- Born: Charles Stedman Parmenter October 12, 1933 Chestnut Hill, Philadelphia, U.S.
- Died: January 26, 2025 (aged 91) Bloomington, Indiana, U.S.
- Education: University of Pennsylvania University of Rochester
- Occupation: Chemist

= Charles S. Parmenter =

American chemist (1933–2025)

Charles Stedman Parmenter (October 12, 1933 – January 26, 2025) was an American chemist.

== Life and career ==
Parmenter was born in Chestnut Hill, Philadelphia, the son of Charles Leroy Parmenter and Hazeltene Stedman. He attended the University of Pennsylvania, earning his Bachelor of Arts degree in chemistry in 1955. After earning his degree, he served as a second lieutenant in the United States Air Force, which after his discharge, he attended the University of Rochester, earning his PhD degree in physical chemistry in 1963.
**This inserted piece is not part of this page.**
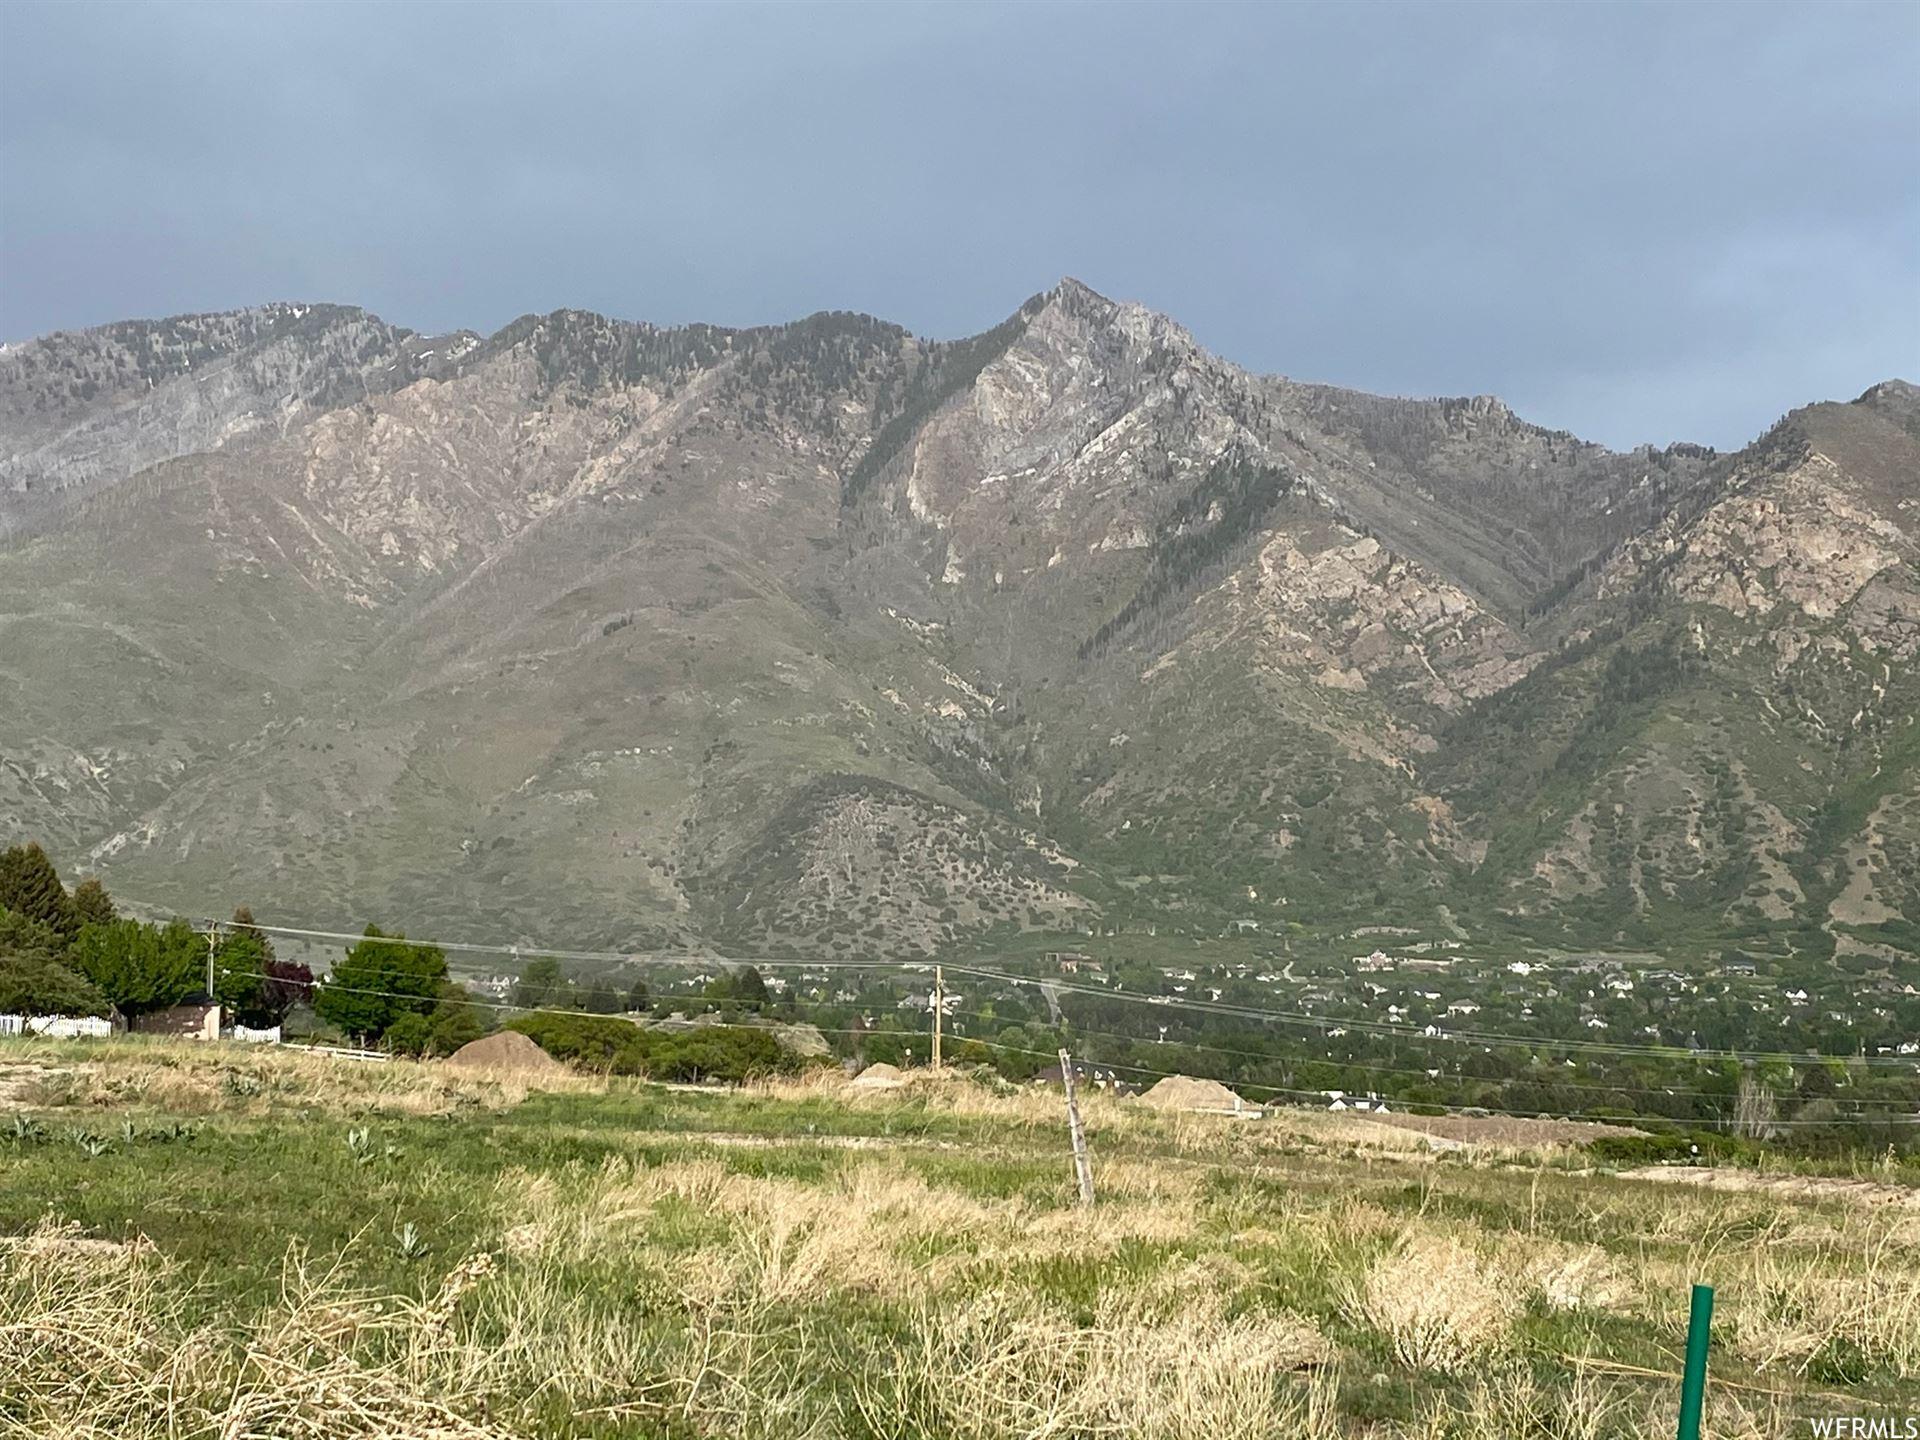 Photo of 420 N BLUE SPRUCE RD #14, Alpine, UT 84004 (MLS # 1775130)

Parmenter served as a professor in the department of chemistry at Indiana University Bloomington from 1972 to 2008. During his years as a professor, in 1988, he was named a distinguished professor, and was elected as a member of the National Academy of Sciences in 1995.

== Death ==
Parmenter died on January 26, 2025, in Bloomington, Indiana, at the age of 91.